Like you I have a great grandfather who served the Union Army during the Civil War, fought all through the western theater, wounded in Mobile Bay in April 1865.
His experience was quite different from many -- for one thing he was fresh off the boat from Europe, spoke little or no English.
My Dad fought in WWII and served in Germany, but he bore neither Germans nor Japanese animosity and had no problem with President Reagan's visit to the Nazi cemetery near Bitburg in 1985.
I myself was soldier enough to realize that any real soldier who served honorably and suffered or died for his country, even on the losing side, deserves honor & respect, certainly from his own family and country, but also from the wider world which depends on such brave men (& now women) for our safety.
Of course we give no respect to their political leaders -- none -- but soldiers themselves were doing their duty and that's all we can ask.

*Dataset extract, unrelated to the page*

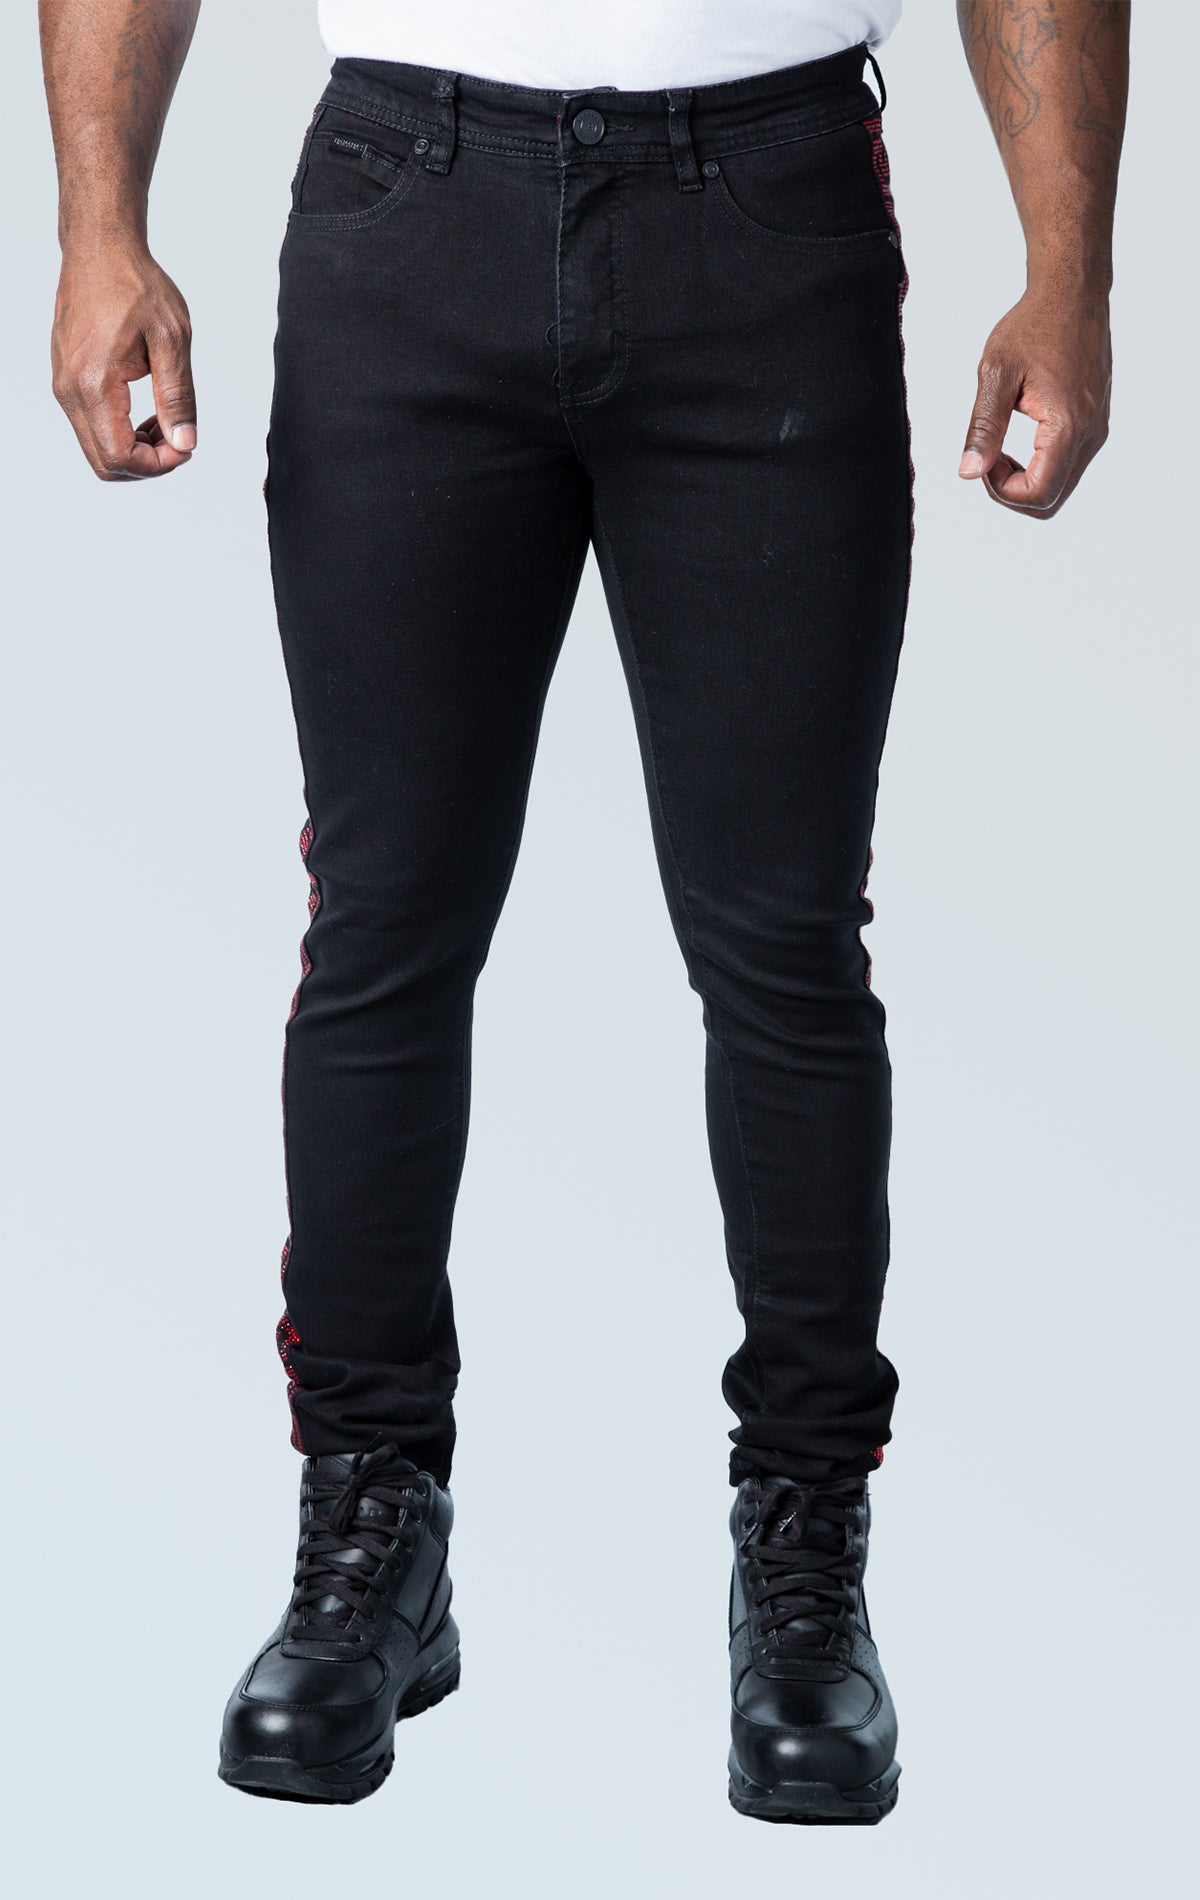 Men's slim-fit jeans in a dark wash with a Greek key design throughout the fabric. The jeans have a regular waist, five pockets, a zip fly with button closure, and a 32-inch inseam. Made from a comfortable blend of 70% cotton, 28% polyester, and 2% spandex.

Today Southerners are the backbone of our military and I can promise you, when President Trump goes looking for the next General McArthur and General Patton, the ones he finds (assuming we still make such men?) will almost certainly have some Southern twang in their voice.

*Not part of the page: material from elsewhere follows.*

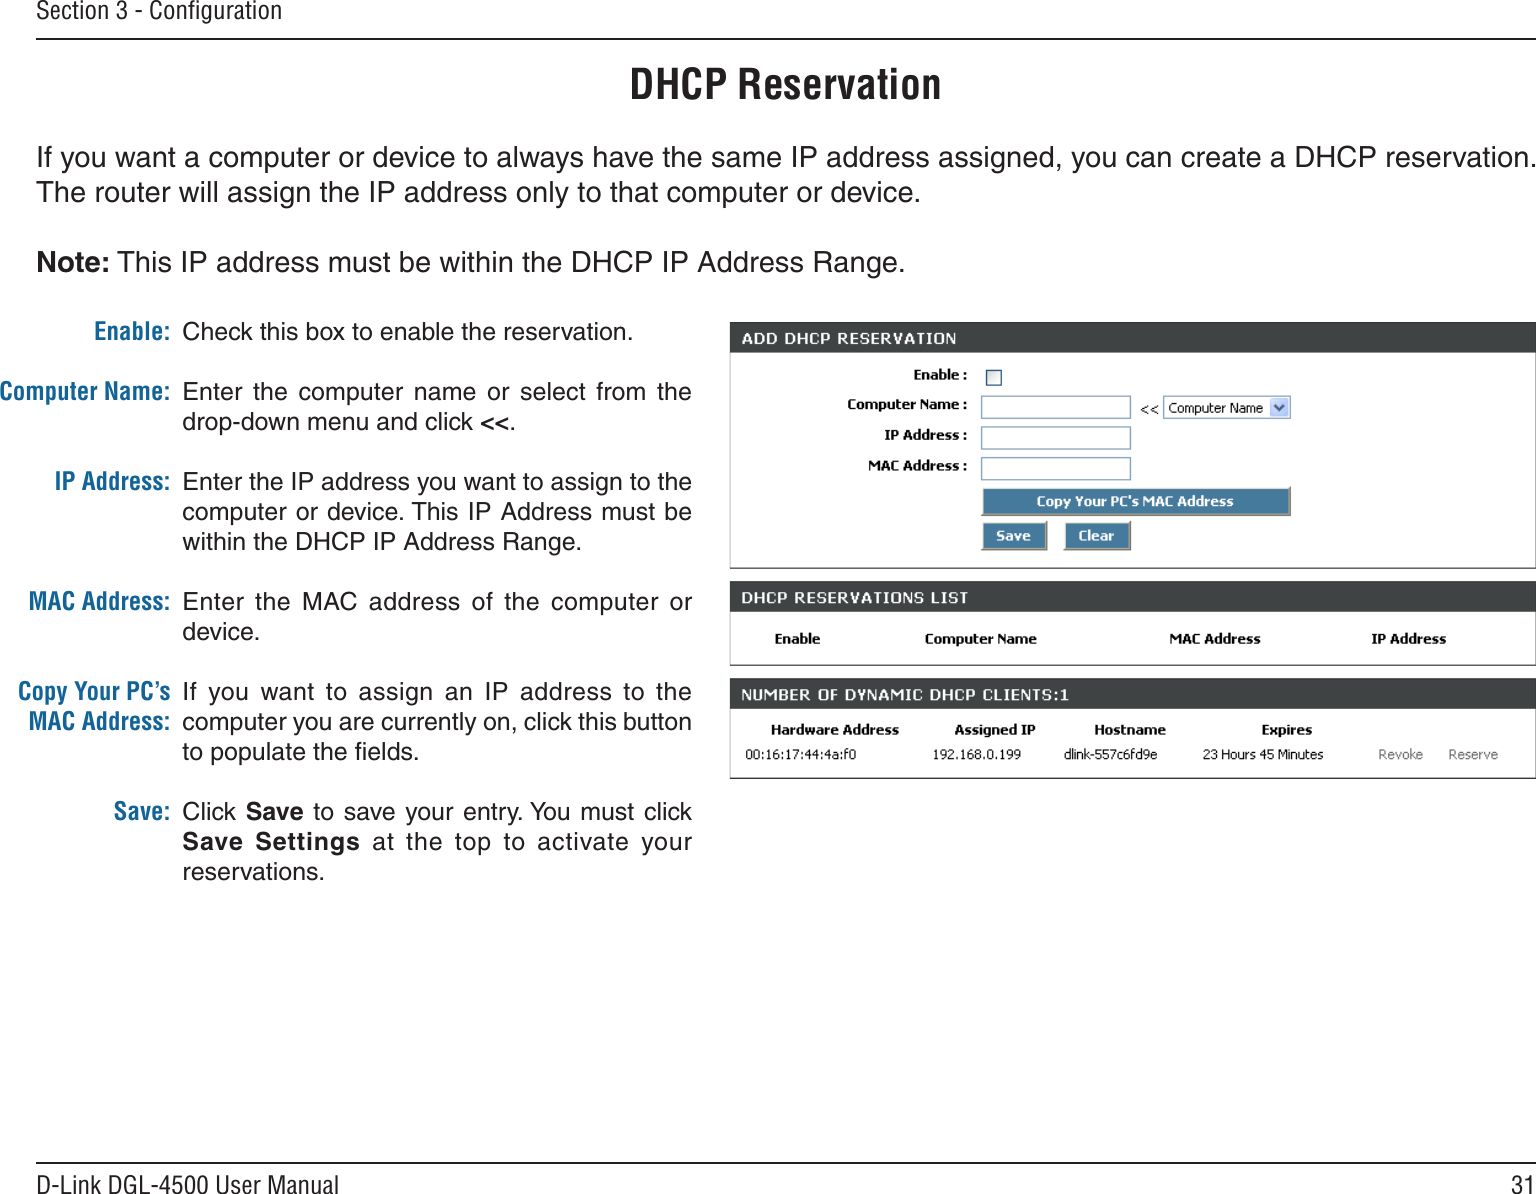 31D-Link DGL-4500 User ManualSection 3 - ConﬁgurationDHCP ReservationIf you want a computer or device to always have the same IP address assigned, you can create a DHCP reservation. The router will assign the IP address only to that computer or device. Note: This IP address must be within the DHCP IP Address Range.Check this box to enable the reservation.Enter  the  computer  name  or  select  from  the drop-down menu and click &lt;&lt;.Enter the IP address you want to assign to the computer or device. This IP Address must be within the DHCP IP Address Range.Enter  the  MAC  address  of  the  computer  or device.If  you want  to  assign  an  IP  address  to  the computer you are currently on, click this button to populate the ﬁelds. Click Save to save your entry. You  must click Save  Settings  at  the  top  to  activate  your reservations. Enable:Computer Name:IP Address:MAC Address:Copy Your PC’s MAC Address:Save:

So I have no problem with Confederate flags generally, or specifically in cemeteries.
I don't equate them to the Nazi swastika, which was first and foremost a political symbol of warped ideology.

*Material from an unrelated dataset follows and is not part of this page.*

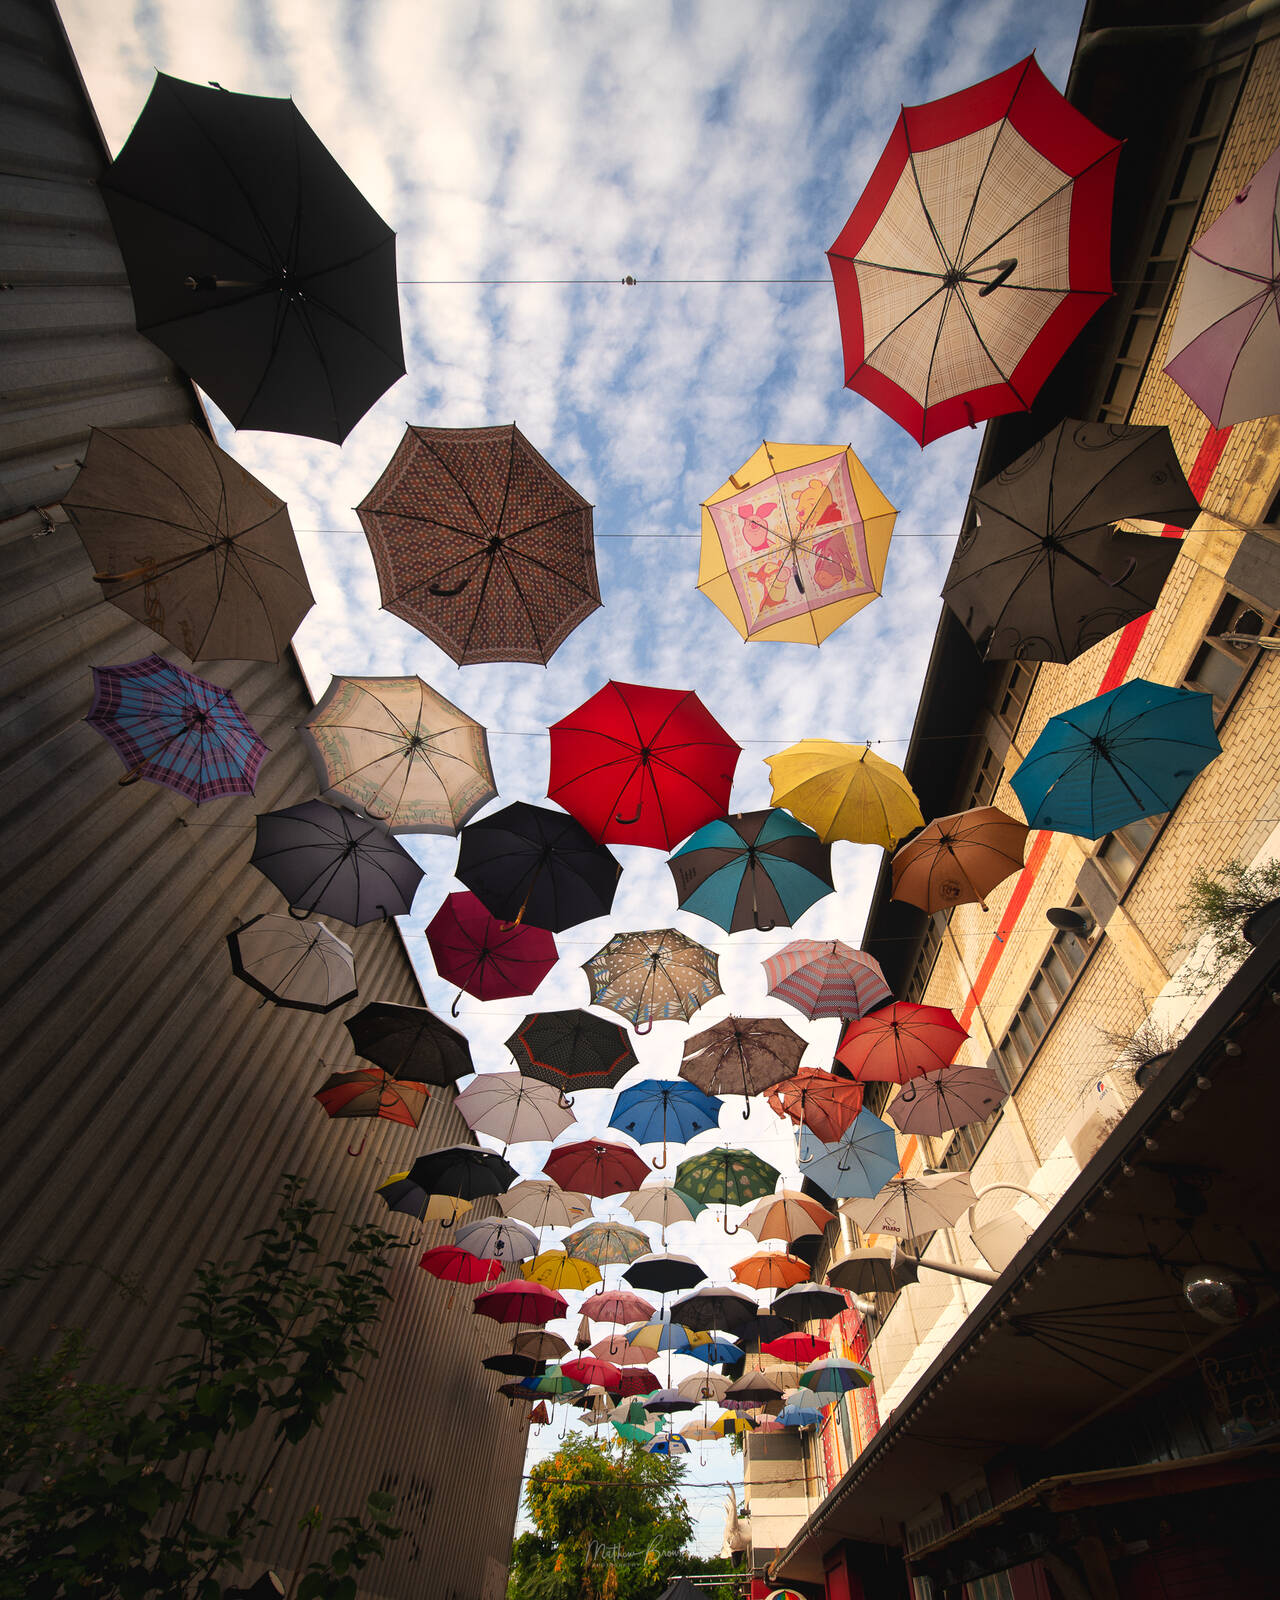 Image of Zurich Alley of Hanging Umbrellas by Mathew Browne

By contrast, Confederate Battle Flags were just that -- used to rally troops not to twist ideology.
Yes, I have huge problems with insane lost-causer propagandists hoping to white-wash the Old South's political class, but I don't blame troops for their leaders, and I personally have no problem with their flag.
As mentioned, it flies on homes and pickup trucks in many small towns in central PA, usually beside Old Glory.